Python 직접 호출 예제¶

위치¶

clients/python/

지원 범위¶

기능	플래그	설명
Chat Completions	기본	`POST /v1/chat/completions`
Responses API	`--api responses`	`POST /v1/responses`
Background 제출	`--background`	서버 측 비동기 큐잉
Web 검색	`--web-search`	`web_search_preview` tool 활성화
자동 Tool Calling	`--auto-tool-call`	deep_research 자동 개입
타임아웃	`--timeout <초>`	요청 대기 시간 (기본 30초)

테스트¶

cd clients/python
uv run pytest

foreground chat/completions 호출¶

uv run python -m litellm_example "Reply with exactly: OK"

foreground responses 호출¶

uv run python -m litellm_example --api responses "Reply with exactly: OK"

background responses 제출¶

uv run python -m litellm_example --api responses --background "Reply with exactly: OK"

이 경우 최종 텍스트 대신 id, status 같은 후속 추적용 메타데이터가 담긴 원본 JSON을 출력합니다.

타임아웃 조정 (--timeout)¶

기본 타임아웃은 30초입니다. o3-deep-research처럼 응답 시간이 긴 모델을 사용할 때는 --timeout <초>로 늘리세요.

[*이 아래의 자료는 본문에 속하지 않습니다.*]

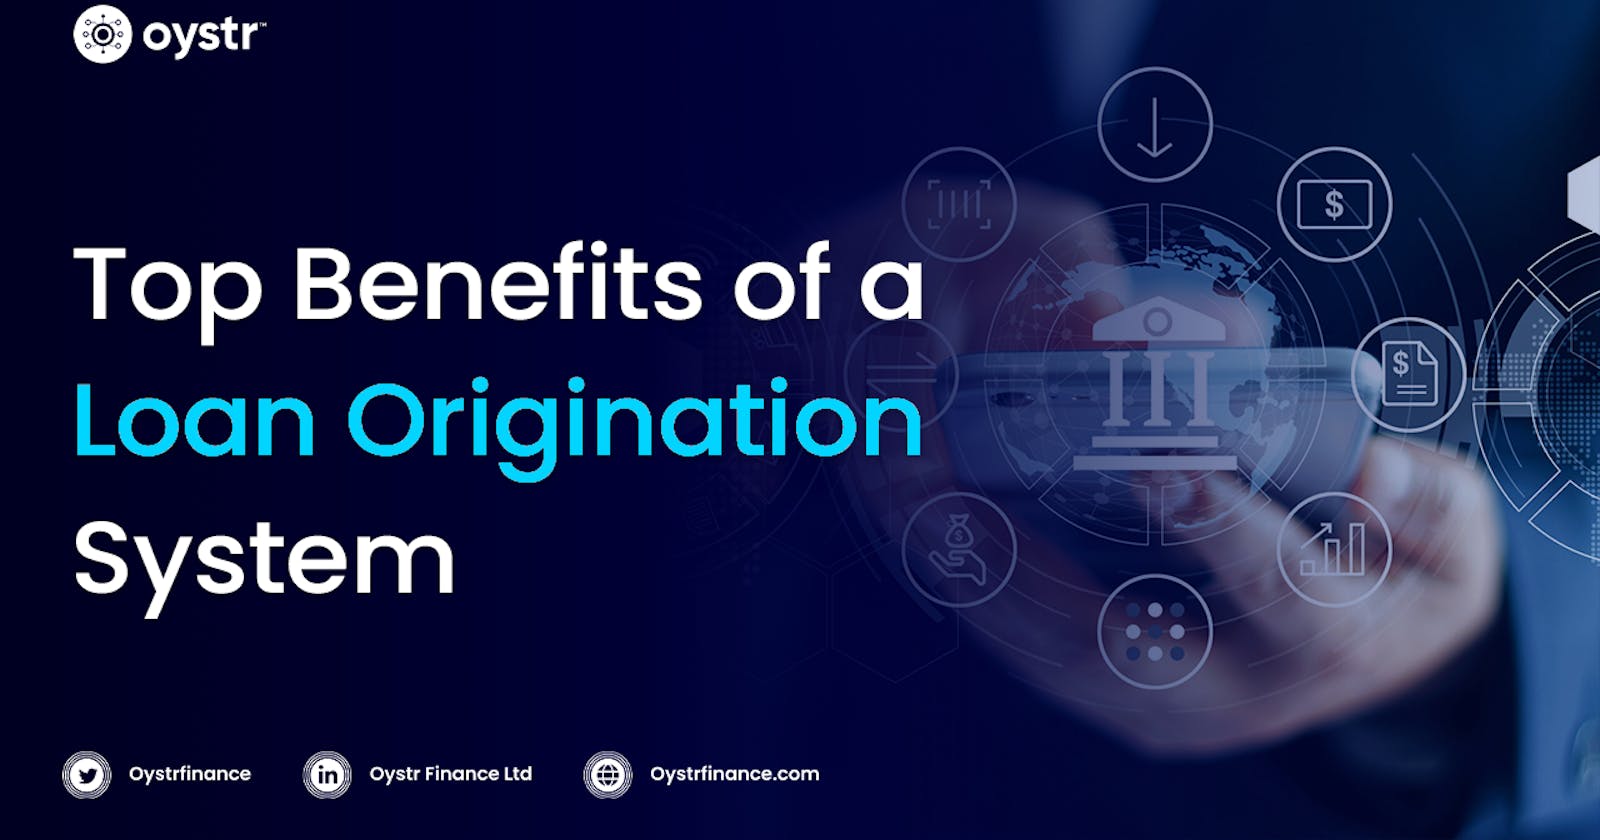 Top Benefits of Using a Loan Origination System
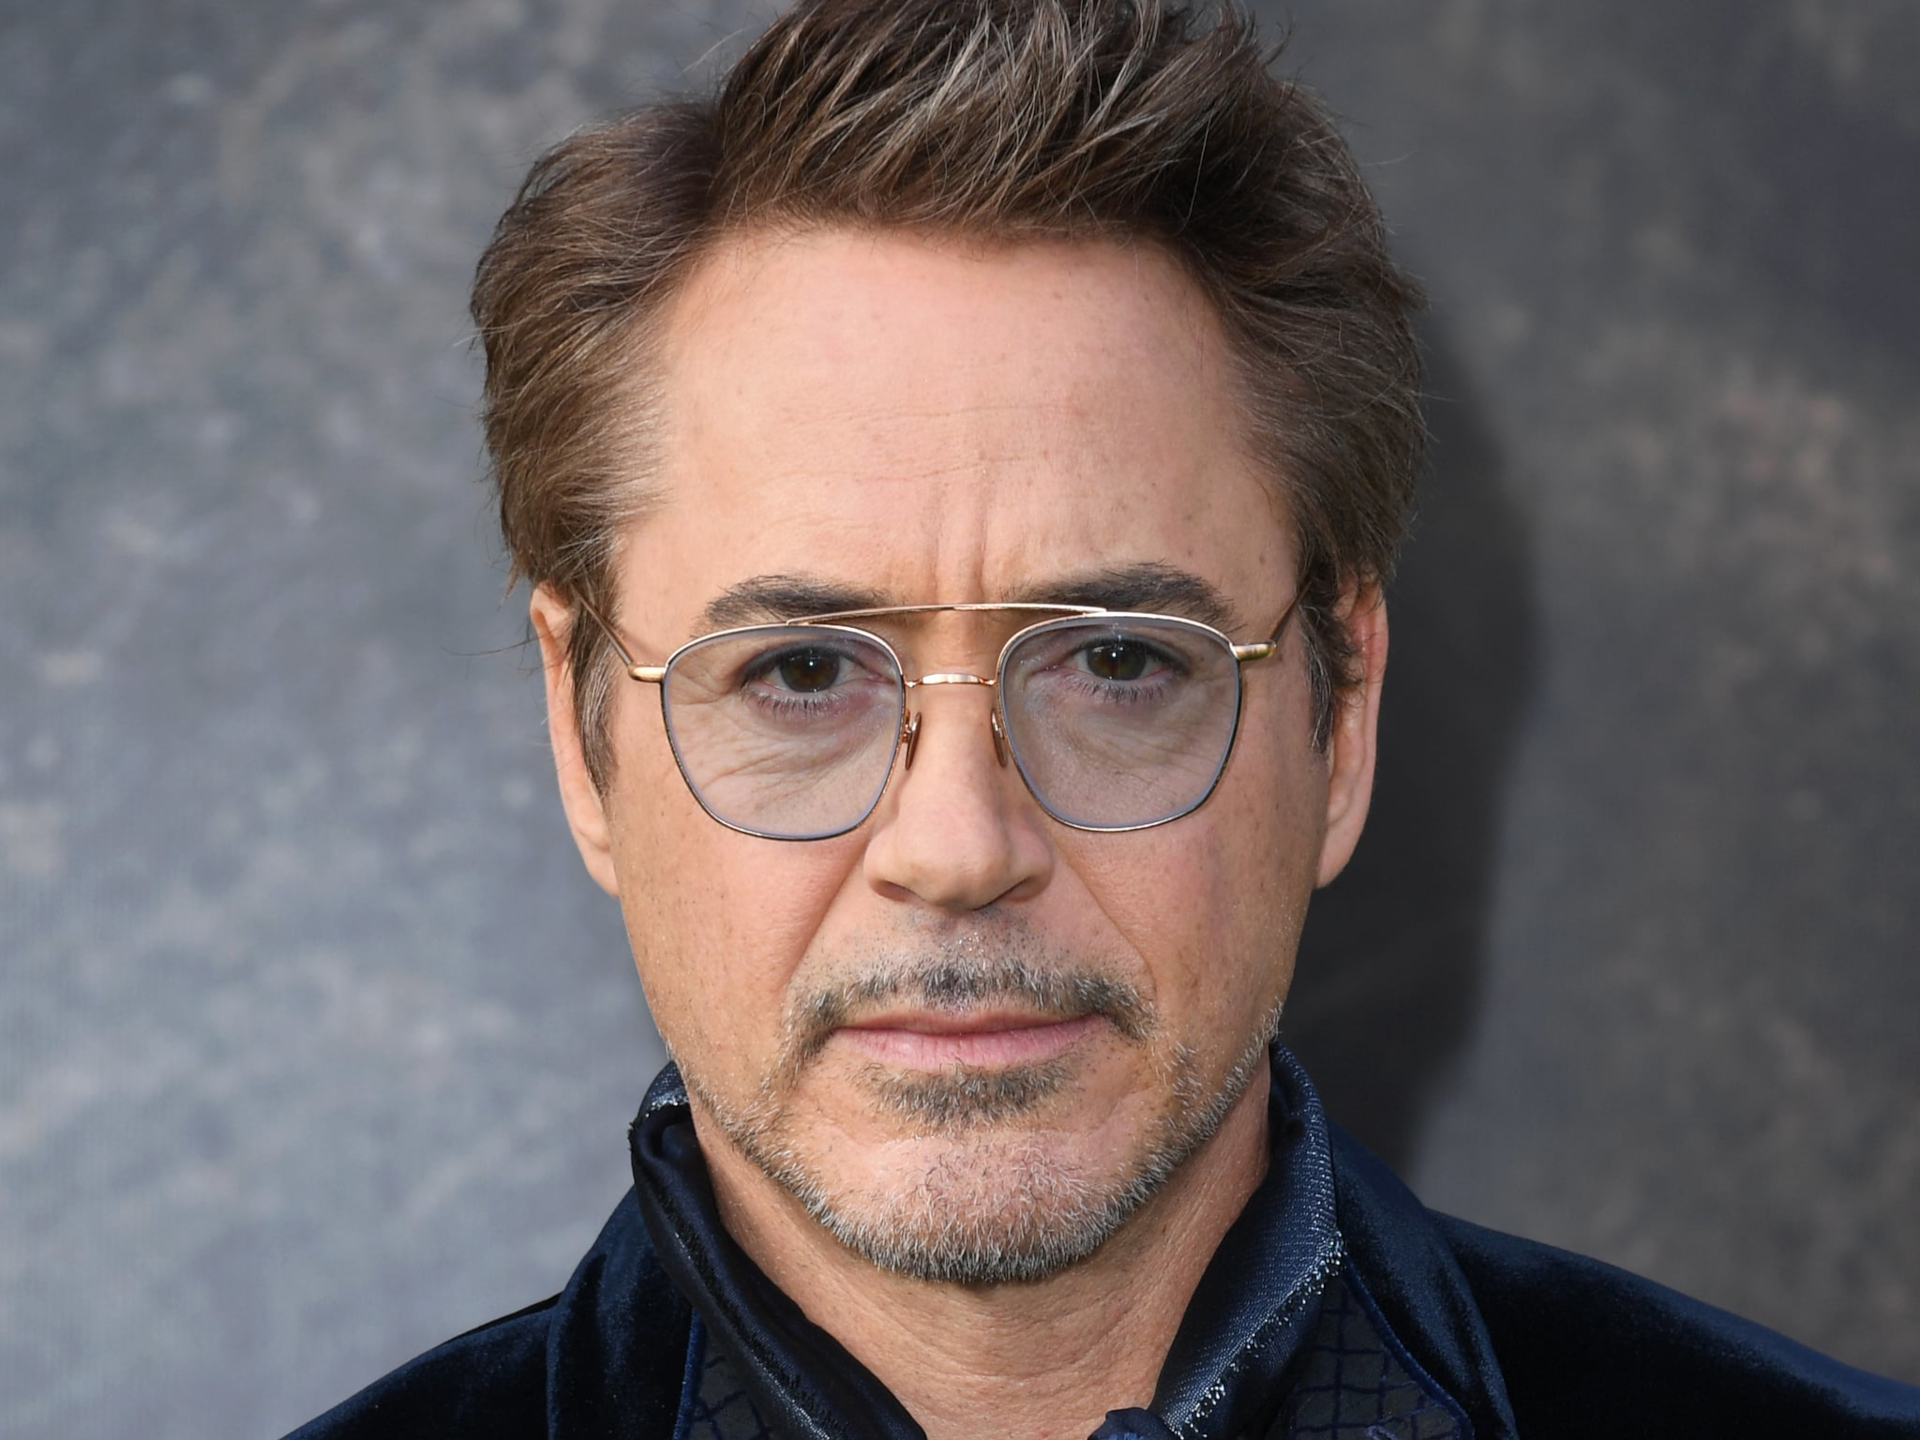 Robert Downey Jr.: From Prodigy to Icon – A Journey of Triumph and Redemption

uv run python -m litellm_example --timeout 300 "짜장면의 역사를 상세히 조사해줘"
uv run python -m litellm_example --api responses --timeout 300 "짜장면의 역사를 상세히 조사해줘"

web_search_preview — 실시간 웹 검색 (--web-search)¶

--web-search는 --api responses와 함께 사용하면 모델이 실시간으로 웹을 검색해서 최신 정보를 답변에 반영합니다. gpt-4o 같은 일반 모델에도 검색 능력을 부여합니다.

LITELLM_MODEL=gpt-4o \
uv run python -m litellm_example \
  --api responses \
  --web-search \
  --timeout 60 \
  "짜장면이 처음 만들어진 연도를 한 줄로"

실제 결과 예시:

짜장면은 1905년에 중국 청나라 출신 화교들에 의해 인천 차이나타운에서 처음 만들어졌습니다.

코드에서 직접 사용:

from litellm_example.client import LiteLLMClient

client = LiteLLMClient(base_url, api_key, model="gpt-4o")
result = client.create_response(
    "짜장면의 역사를 웹 검색으로 정리해줘",
    tools=[{"type": "web_search_preview"}],
)
print(result)

주의: --web-search는 반드시 --api responses와 함께 사용해야 합니다. --api chat에는 적용되지 않습니다.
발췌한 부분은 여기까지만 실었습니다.